Bir başka deyişle, bu coğrafyada kadına değgin Kemalist söylem, kaba bir kronolojik dizin üzerine yerleştirilebilecek üç kırılmayla karşılaşmıştır: sosyalist-komünist hareketlerin kadınlara yönelik önerileri ve işçi-emekçi kadınların durumuna vurgu yapan 1970'lerin Marksist itirazı, 1980-90'lı yılların feminist itirazı ve 1990'ların sonlarına doğru biçimlenen Kemalist monolitizme yönelik, farklı etnik kimliklerin deneyim ve taleplerine kulak veren itiraz...

Osman Tiftikçi'nin 2023 Mart'ında yayınlanan Türkiye'de Kadınların Seçim Hakkı Mücadelesi - Hakk-ı İntihab (1908-1935) başlıklı kitabı[3] ilginç bir biçimde, bu üç kırılma noktasını kaynaştırıyor ve Cumhuriyet'in kadın anlatısının köklü bir eleştirisi niteliğini taşıyor.

Tiftikçi'nin çalışması II. Meşrutiyet'ten Cumhuriyet rejiminin kadınlara seçme-seçilme hakkını tanıdığı 1935 yılına uzanan dönemi kapsıyor ve kadınların siyasal haklarını kazanma sürecini iki bölümde inceliyor: II. Meşrutiyet ve Mütareke dönemi ile Cumhuriyet yılları.

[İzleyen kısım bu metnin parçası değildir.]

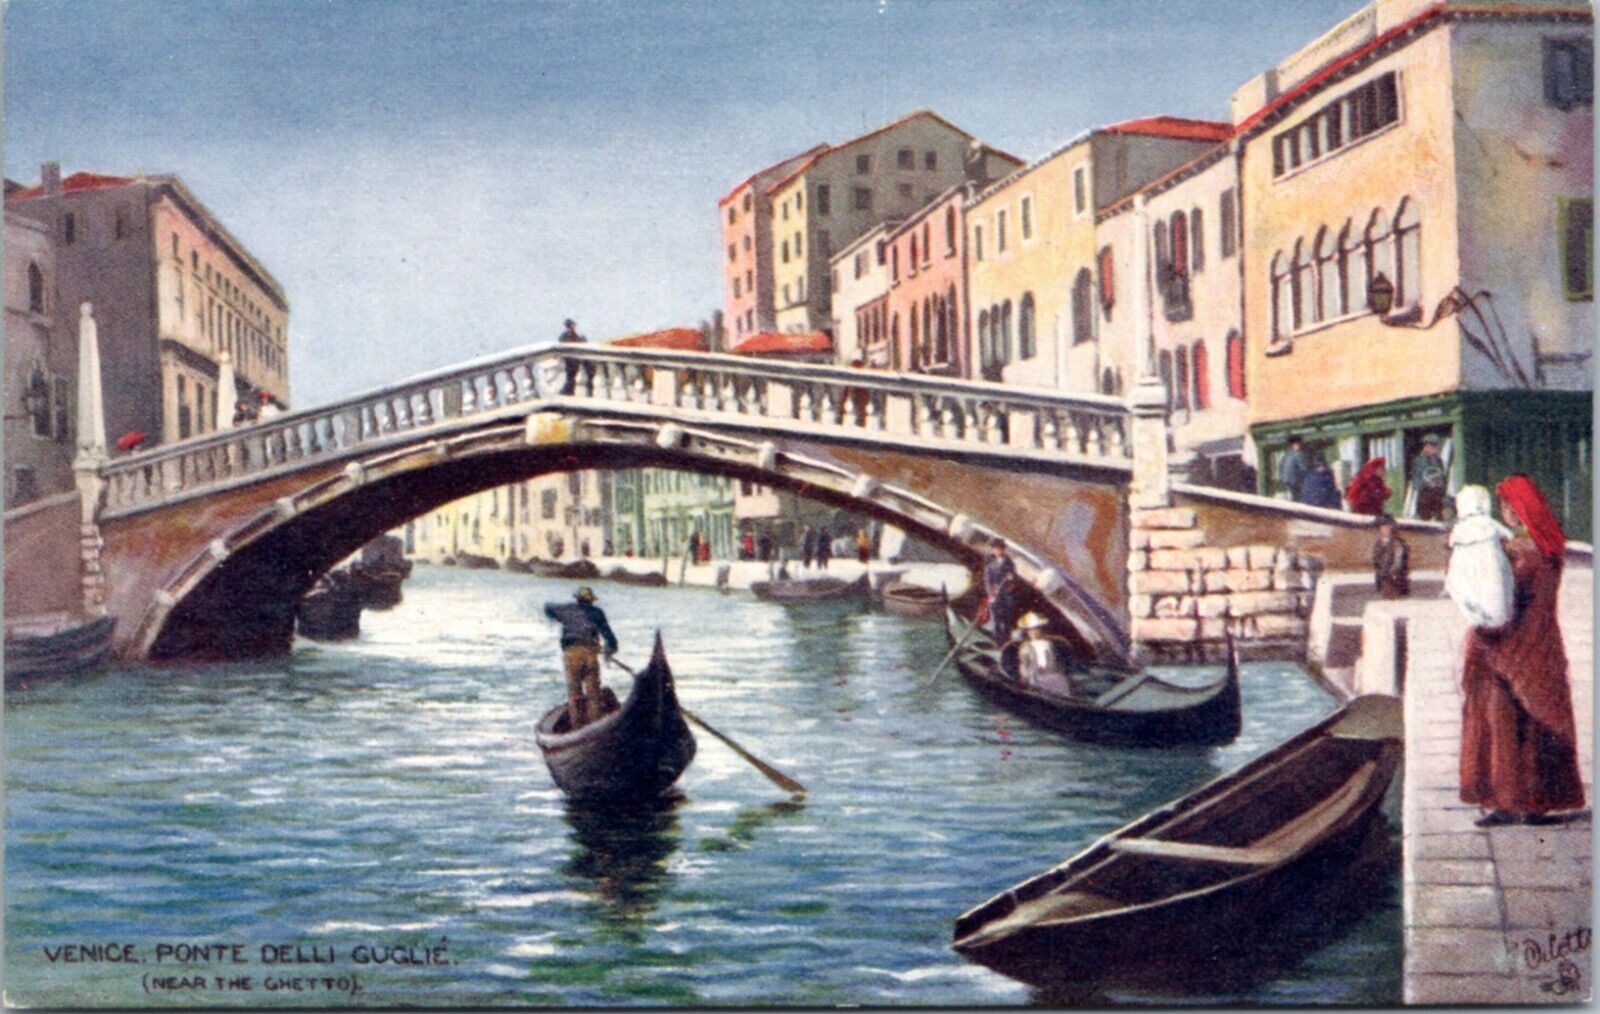 Postcard Italy Venice Tuck 7037 - Ponte Delli Guglie

Kitabın II. Meşrutiyet yıllarına değgin en ilginç katkısı, Türkiye'deki ilişkin çalışmalarda marjinal bir yer verilen, Ulviye Mevlan Hanım'ın Osmanlı Müdafaa-i Hukuk-ı Nisvan Cemiyeti ile Kadınlar Dünyası dergisine yaptığı vurgu. Bu dernek ve dergi, kadınların seçme-seçilme talebini sistemli ve istikrarlı biçimde gündeme getirmekle kalmamış, Osmanlı'nın çokulusluluğu çerçevesinde, kapılarını ve sayfalarını Türk ve/veya Müslüman olmayan kadınlara ve bunların oluşturduğu örgütlenmelere açmıştı. Ulviye Mevlan Kürt kadın yazarlara dergide yer veriyor, Ermeni ya da Çerkes kadınlarla ilişki kuruyordu (ss.37-38). Sosyalist işçi şair Yaşar Nezihe'nin de yazarları arasında yer aldığı Kadınlar Dünyası dergisinde, sosyalizm ile feminizm arasındaki ilişkileri ve koşutlukları vurgulayan yazılar da yer almaktaydı (s.16)... Olasılıkla sosyalist fikirlere açıklığı ve yekpare bir ulus tasarımına uzaklığı Cemiyet'in sonunu getiren etkenler olmuştu. Örgüt 1923 sonrasında kapanacak, Ulviye Mevlan ise derin bir suskunluğa gömülecekti.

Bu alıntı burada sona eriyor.